How the national media reacted to Liverpool's 3-0 defeat at Manchester City in the Premier League on Sunday afternoon
Liverpool head boss Arne Slot during the Premier League match at Manchester City on November 9 2025
Liverpool head boss Arne Slot during the Premier League match at Manchester City on November 9 2025
View Image
Here we go again. Liverpool slumped to another miserable defeat with a dismal 3-0 Premier League defeat at Manchester City on Sunday afternoon.
A header from Erling Haaland and a deflected Nico Gonzalez strike put the Reds two behind at the interval before Jeremy Doku made the game safe for the home side in the second half.
It ensured another long, dreary international break ahead. And while the ECHO was in attendance and provided our usual level of coverage, here's how the national media viewed a negative result for Arne Slot's side.
Author avatar
Author avatar
Ian Ladyman of the Daily Mail points to the number of new signings Liverpool were compelled to make in the summer, an unusual situation for any title winners.

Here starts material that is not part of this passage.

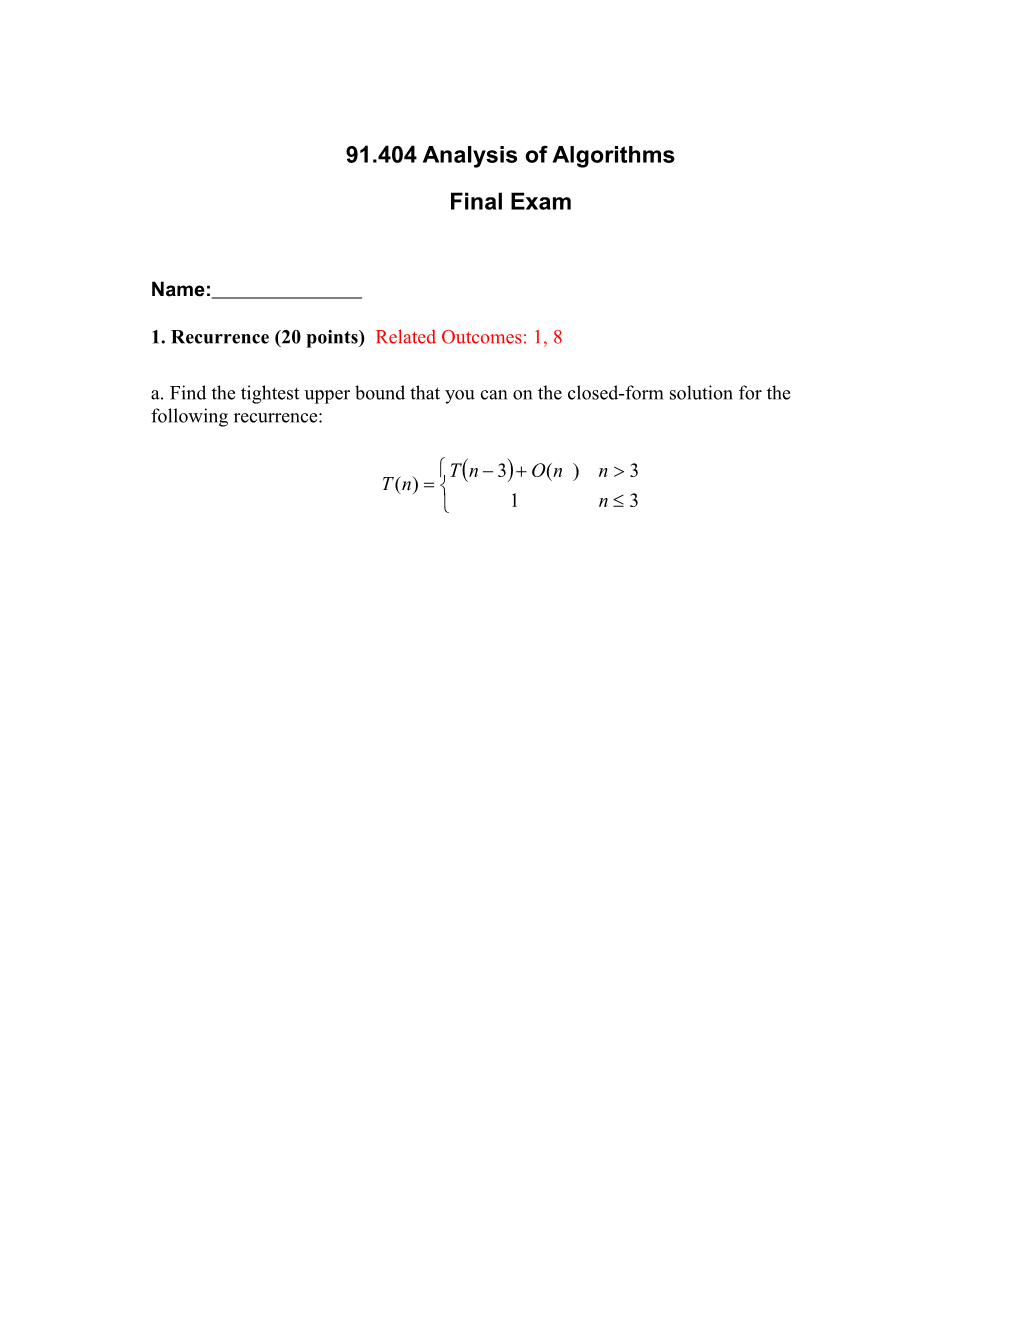 CS4321 Introduction to Algorithms Final

"So there is the heart of the problem," he scribes. "Liverpool have lost good players and have not yet been able to replace what they took with them when they went. Looked that in those terms, why is anybody surprised Slot’s team are struggling in a competitive league such as this?
"The lack of impact of the players mentioned here is unlikely to be permanent. Liverpool have bought well and the age profile of Slot’s squad is okay. Over time, we can expect vast improvement.
"Right now, though, in a world where short-termism rules, Liverpool’s failure to integrate their new arrivals is not so much holding them back but destroying them. Until that changes, this is a struggle that we can expect to go on."
Richard Jolly of The Independent reflected on a bad day for the Reds boss.
"It was a wretched afternoon for Slot," he pens. "It equalled his heaviest defeat as Liverpool manager; they have both come in the last four matches. This was a seventh defeat in 10 games, a fifth in the Premier League. The numbers do not paint a pretty picture.
"If Liverpool could feel themselves luckless in the first half, they could not simply chalk this down to decisions and deflections."
Barney Ronay in The Guardian thinks that Man City could now be the only team to stop runaway leaders Arsenal.
"This may or may not be the beginning of City’s title charge," he writes. "But it is surely the end of Liverpool’s defence. The champions have lost five league games with 27 still to play. Title winners generally lose between three and six. Something dramatic would have to happen to this team. But it doesn’t look like it will.
"True, Liverpool had a goal disallowed for a very silly notion of offside. They had some good spells. Florian Wirtz played well.
"But if Arne Slot is struggling to find effective patterns, the poverty of his team only served to demonstrate how peerlessly good Guardiola is at this; just as Doku’s development is a perfect example of what Guardiola loves, that wild hunger for building teams and working at players."
Finally, the tall man Paul Gorst of the ECHO believes Liverpool are not putting up much of a defence of their title.
"Arsenal's Sunderland stumble on Saturday night offered these two heavyweights the chance to make ground on the early pace-setters but Slot's side now trail Mikel Arteta's by men eight points," he says.
"It is looking increasingly like a two-horse race, even before the Christmas decorations have been fetched from the garages on Merseyside. It could be a meek relinquishing of their title on this evidence."